Baphumelele has grown from that original crèche in Rosie’s home to encompass a full block in Khayelitsha. It includes the Children’s Home which houses children in two buildings, the “America House” with approximately 40 children from infants to toddlers and the “Clemens House” with another approximately 40 children from aged 6 to 19 years. The children who arrive here are orphaned, abandoned and/or abused. The Children’s Home is the only orphanage in Khayelitsha for children over the age of 8 years, and the children live under very cramped conditions. In the America House, two rooms have cribs lined-up along each wall and, in a third room there, the older toddlers sleep on foam mattresses, body next to body. In Clemens House, the boys sleep in bunk beds jammed into small rooms on the first floor and the girls sleep on the second floor. Each house employs two shifts of full-time care workers, a day shift and evening shift that rotates, who care for the children 24 hours a day.

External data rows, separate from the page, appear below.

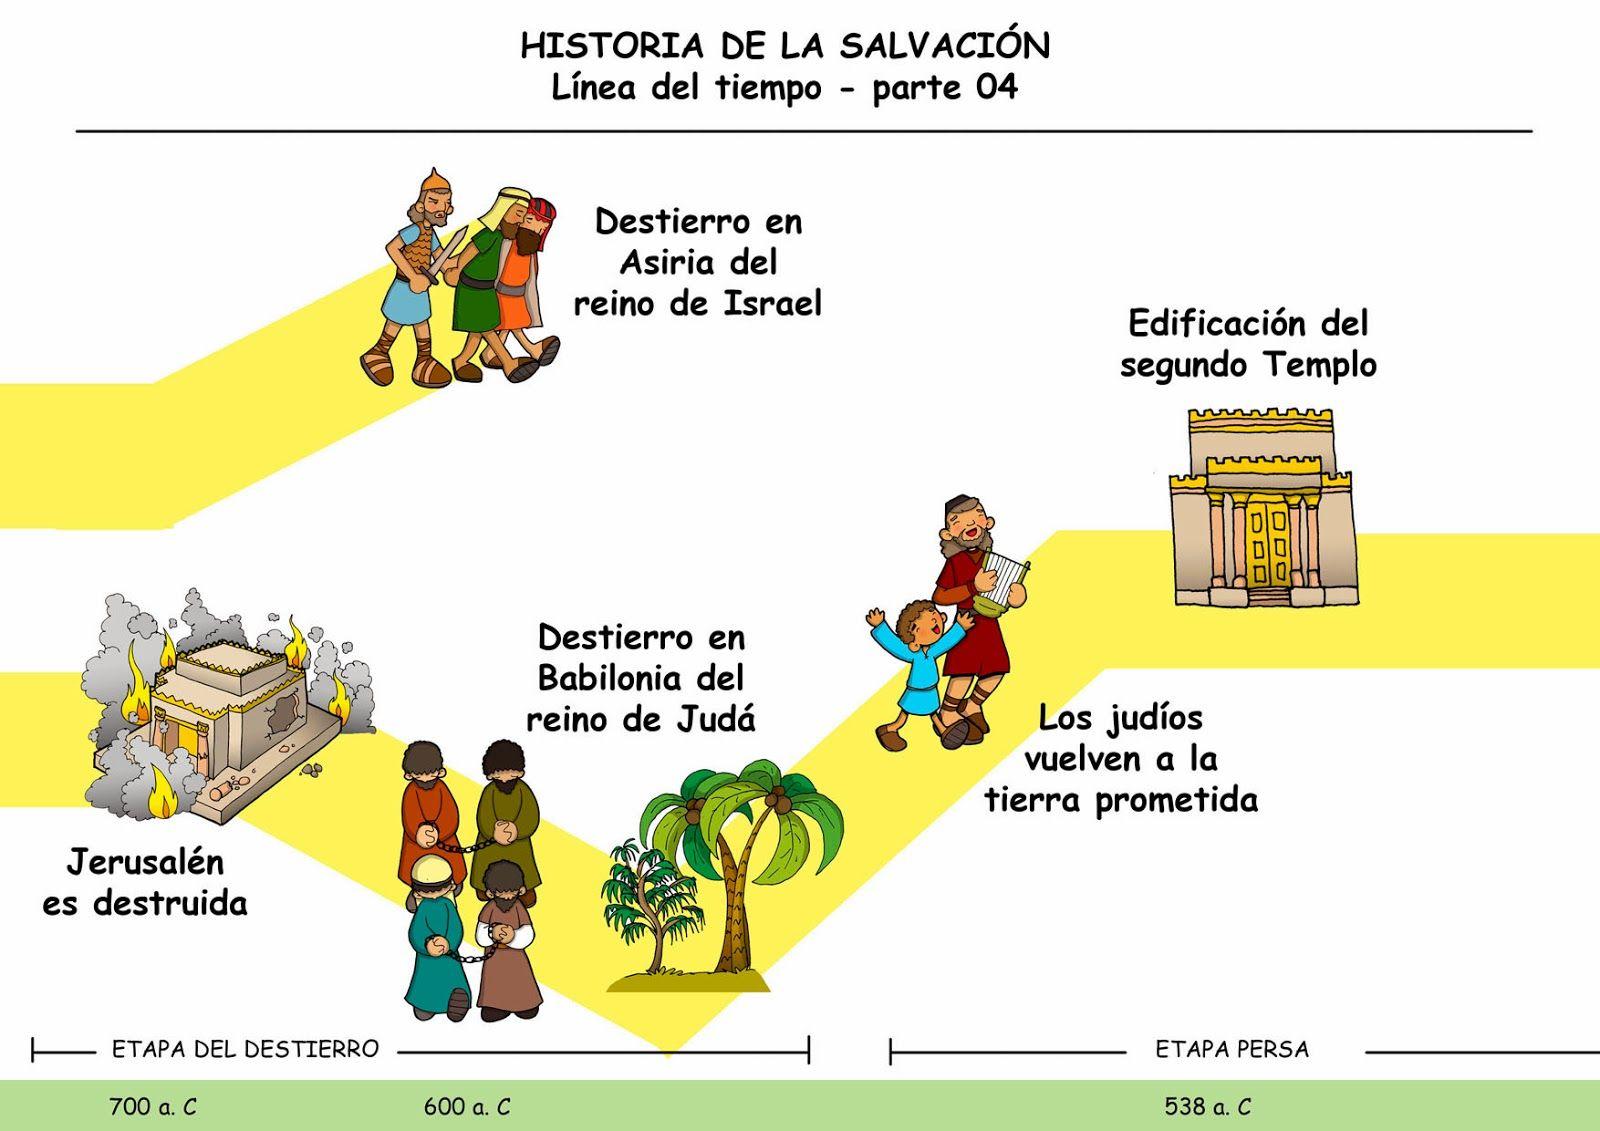 La Historia De La Salvacion Linea Del Tiempo Parte 4 Linea De Tiempo Biblia Catequesis Linea Del Tiempo
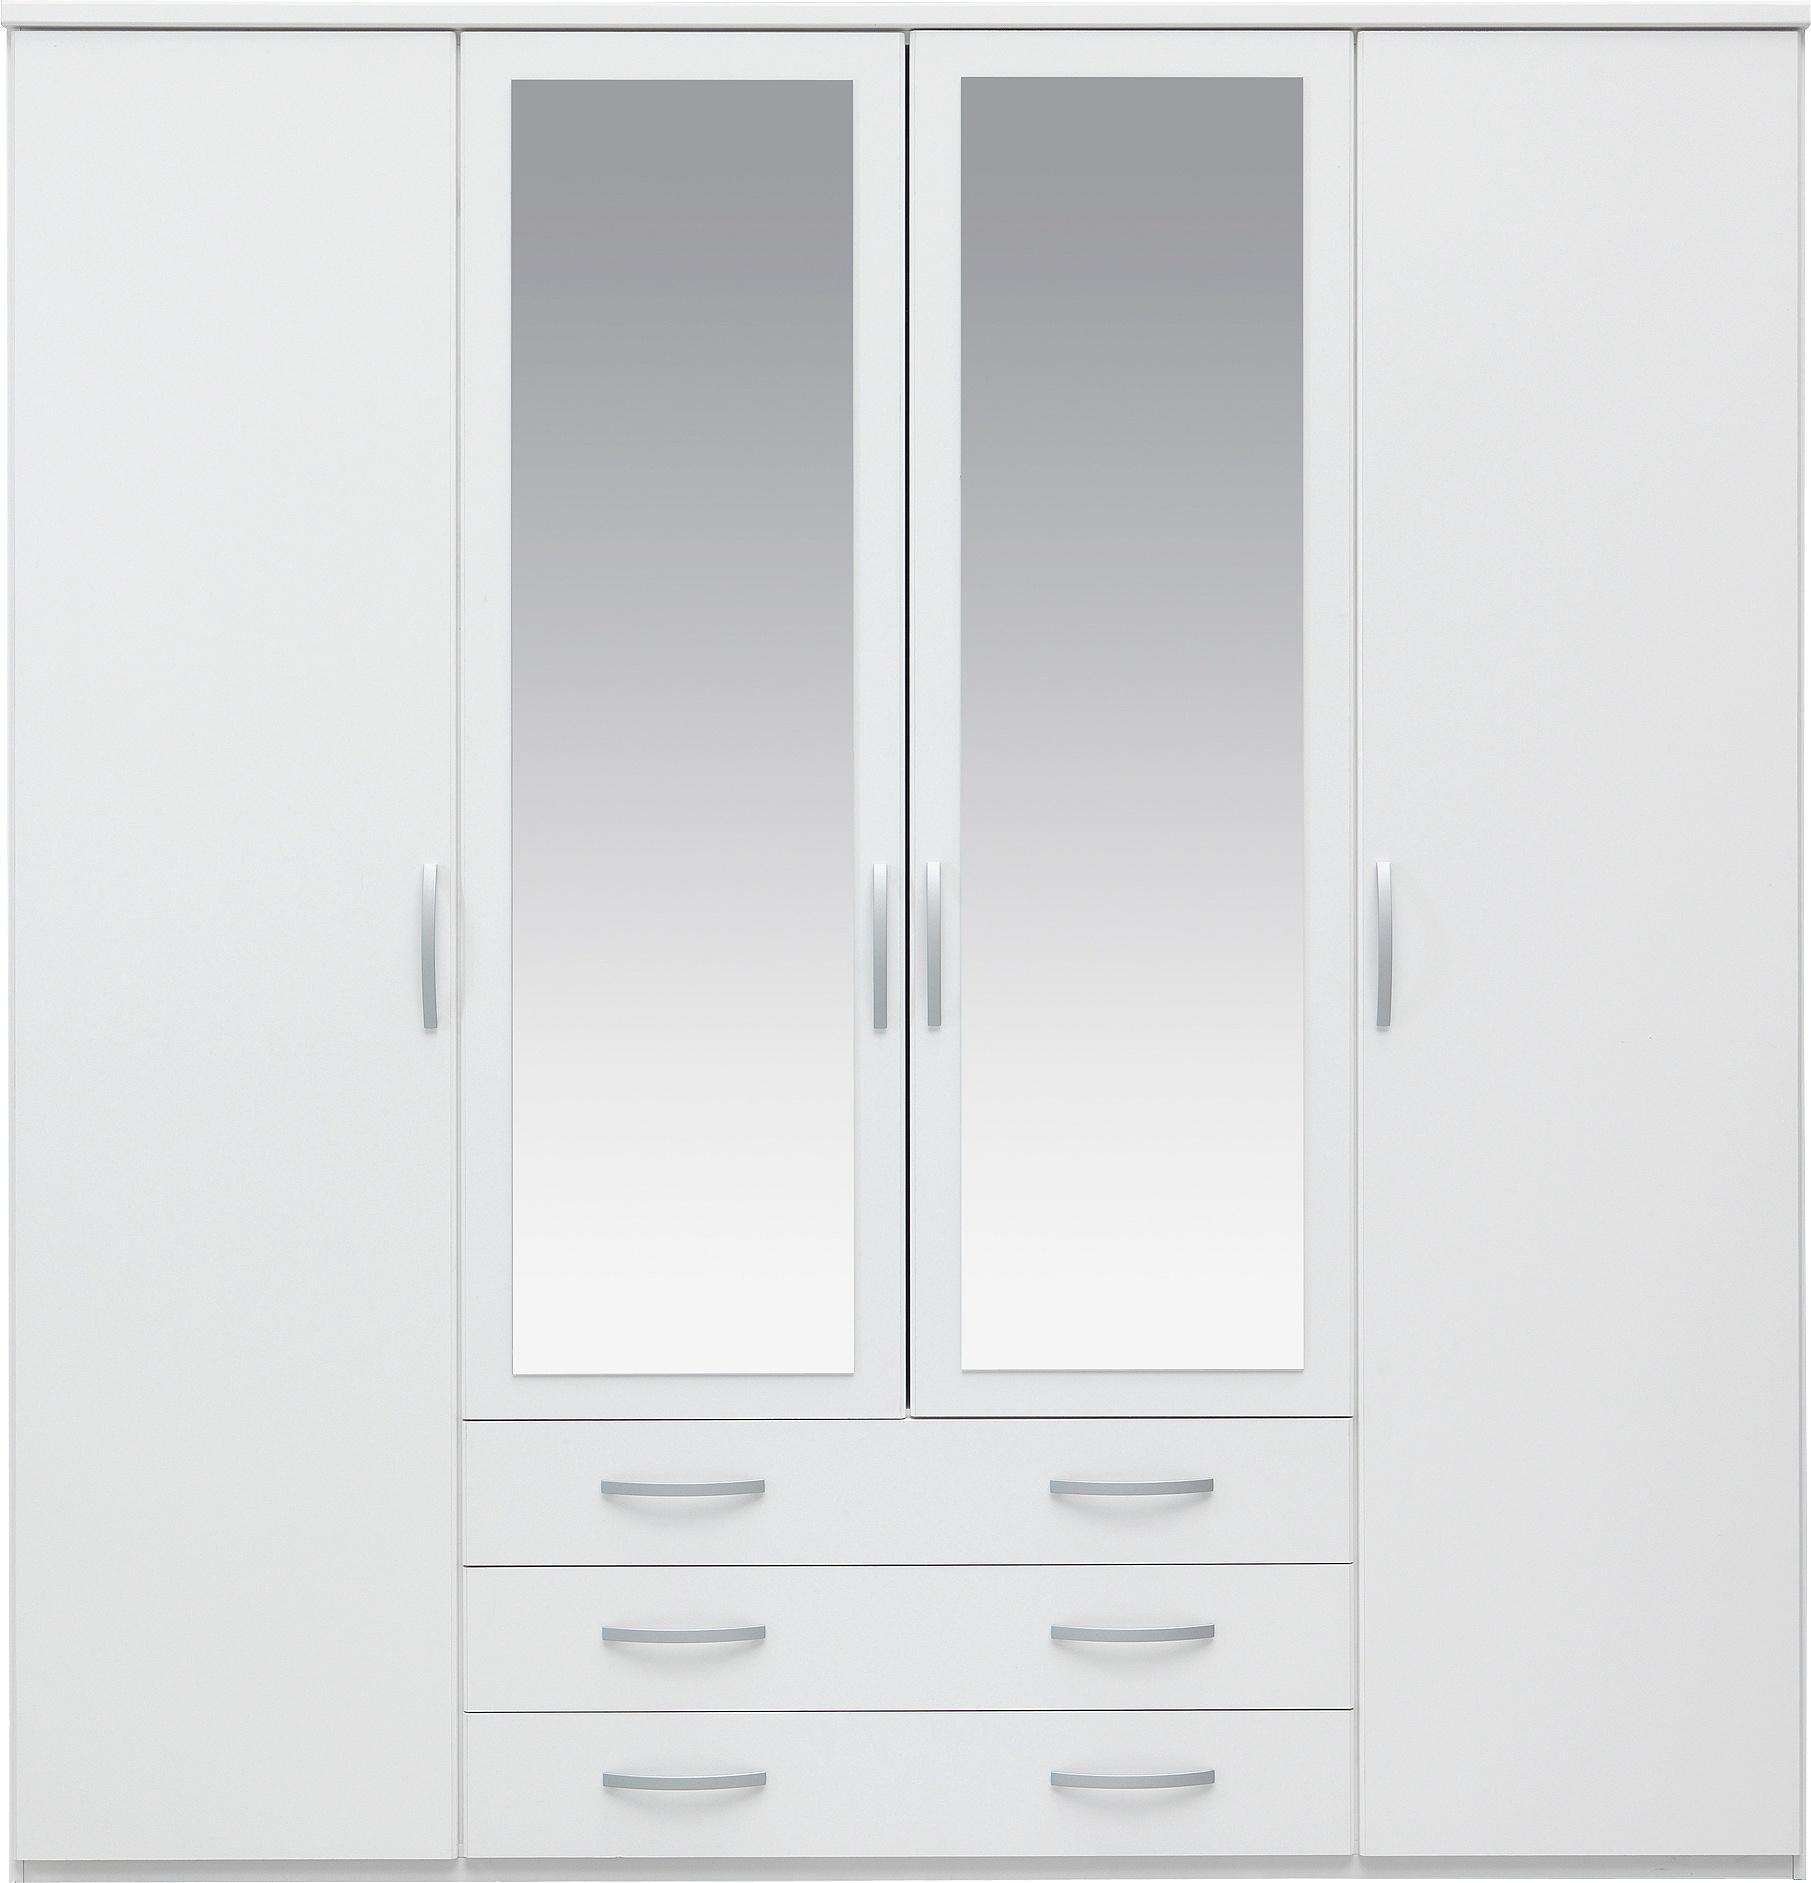 white wardrobes collection hallingford 4dr 3drw mirrored wardrobe - white PENKHPN
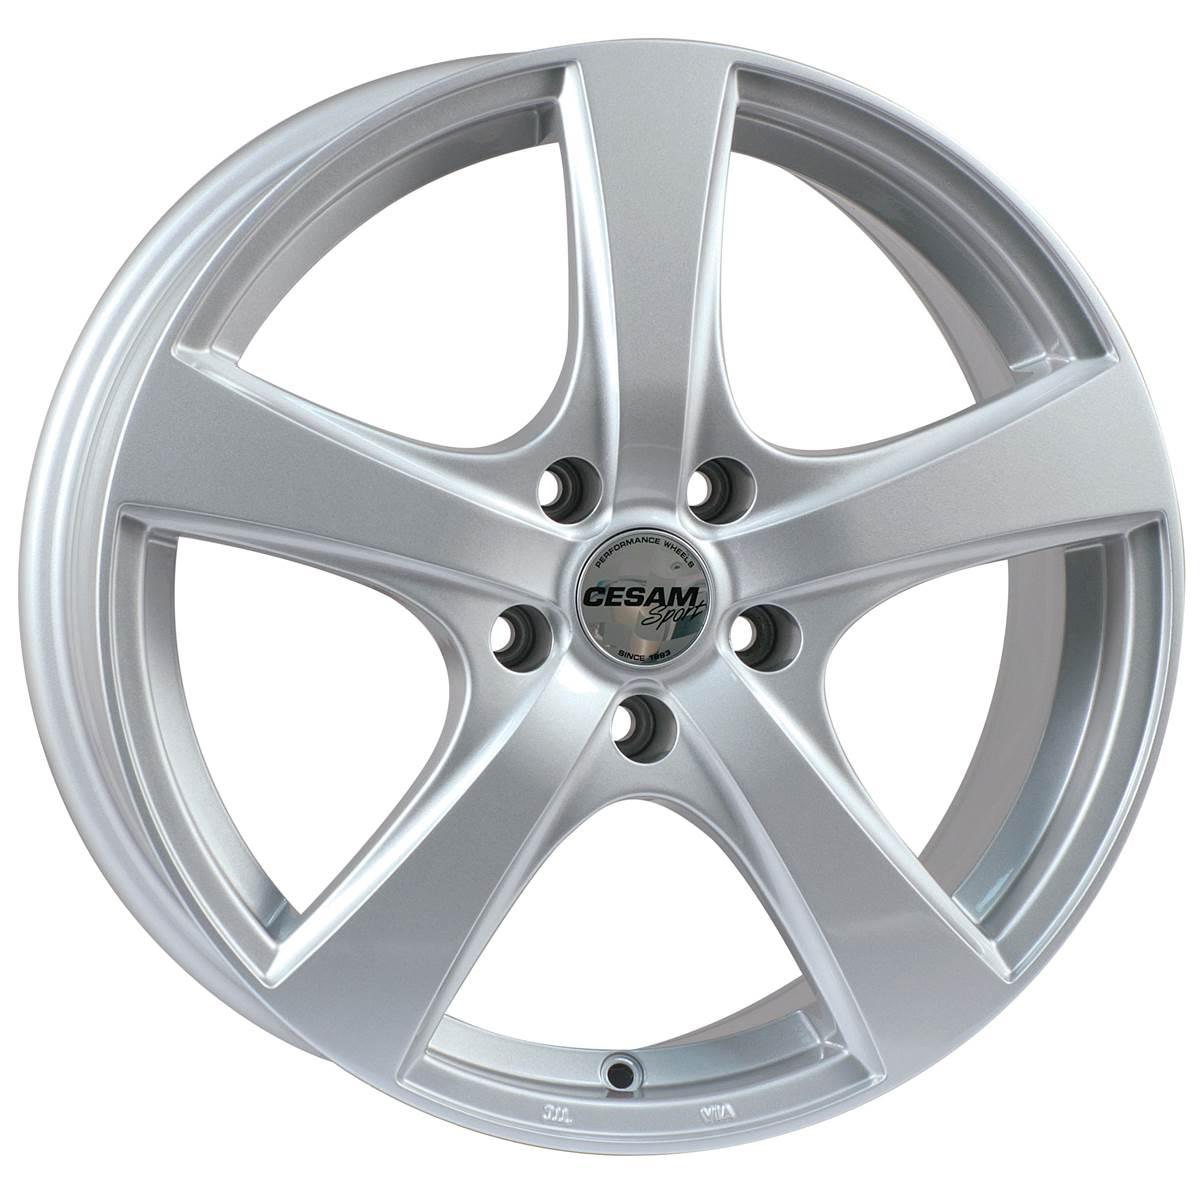 Jante CESAM Artik Silver 6,5x16 4x108ET32

Just recently, Elton John’s AIDs Foundation donated money for Rosie to build “cluster houses” on the block. There are 4 cluster houses of which one has already been occupied by a family of 5 children and a full-time careworker. The idea with the cluster houses, small single family homes, is to try to keep families together in a real home-like environment. For instance, they eat their meals at the cluster home rather than go to the dining room located in another building, under the volunteer suite, on the block.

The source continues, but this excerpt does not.